The following article gives a general overview of how events are processed by Fluentd with examples. It covers the complete lifecycle including Setup, Inputs, Filters, Matches and Labels.

Basic Setup

The configuration file is the fundamental piece to connect all things together, as it allows to define which Inputs or listeners Fluentd will have and set up common matching rules to route the Event data to a specific Output.

We will use the in_http and the out_stdout plugins as examples to describe the events cycle.
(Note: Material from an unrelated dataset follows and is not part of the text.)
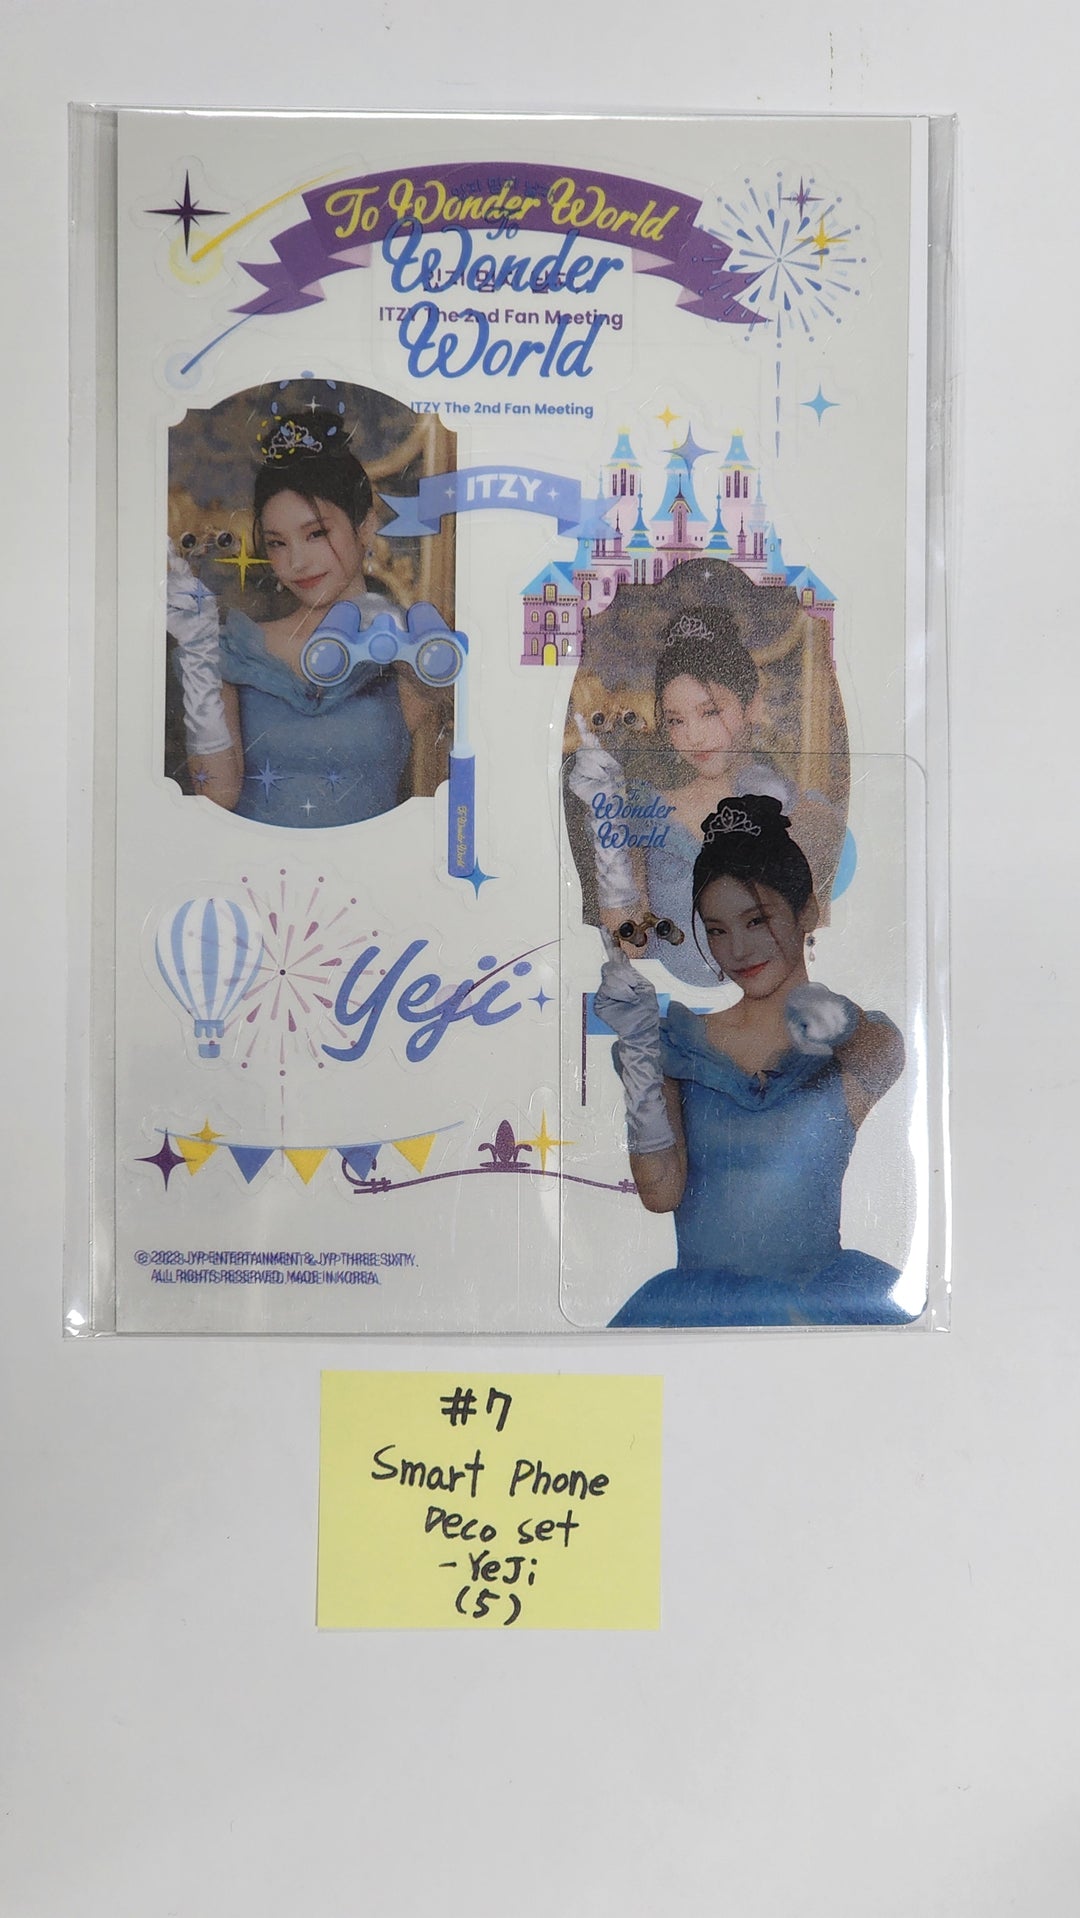 ITZY "Wonder World" The 2nd Fan Meeting - Official MD [Wonder World Pass, Trading Photocard, Photocard Holder, Acrylic Kit]

The following is a basic definition on the configuration file to specify an http input, for short: we will be listening for HTTP Requests:

<source>
@type http
port 8888
bind 0.0.0.0
</source>

The definition specifies that an HTTP server will be listening on TCP port 8888.

Now, let's define a Matching rule to print the incoming requests to the standard output:

<match test.cycle>
@type stdout
</match>

The Match sets a rule where each Incoming event that arrives with a Tag equals to test.cycle, will match and use the Output plugin type called stdout. At this point we have an Input type, a Match and an Output.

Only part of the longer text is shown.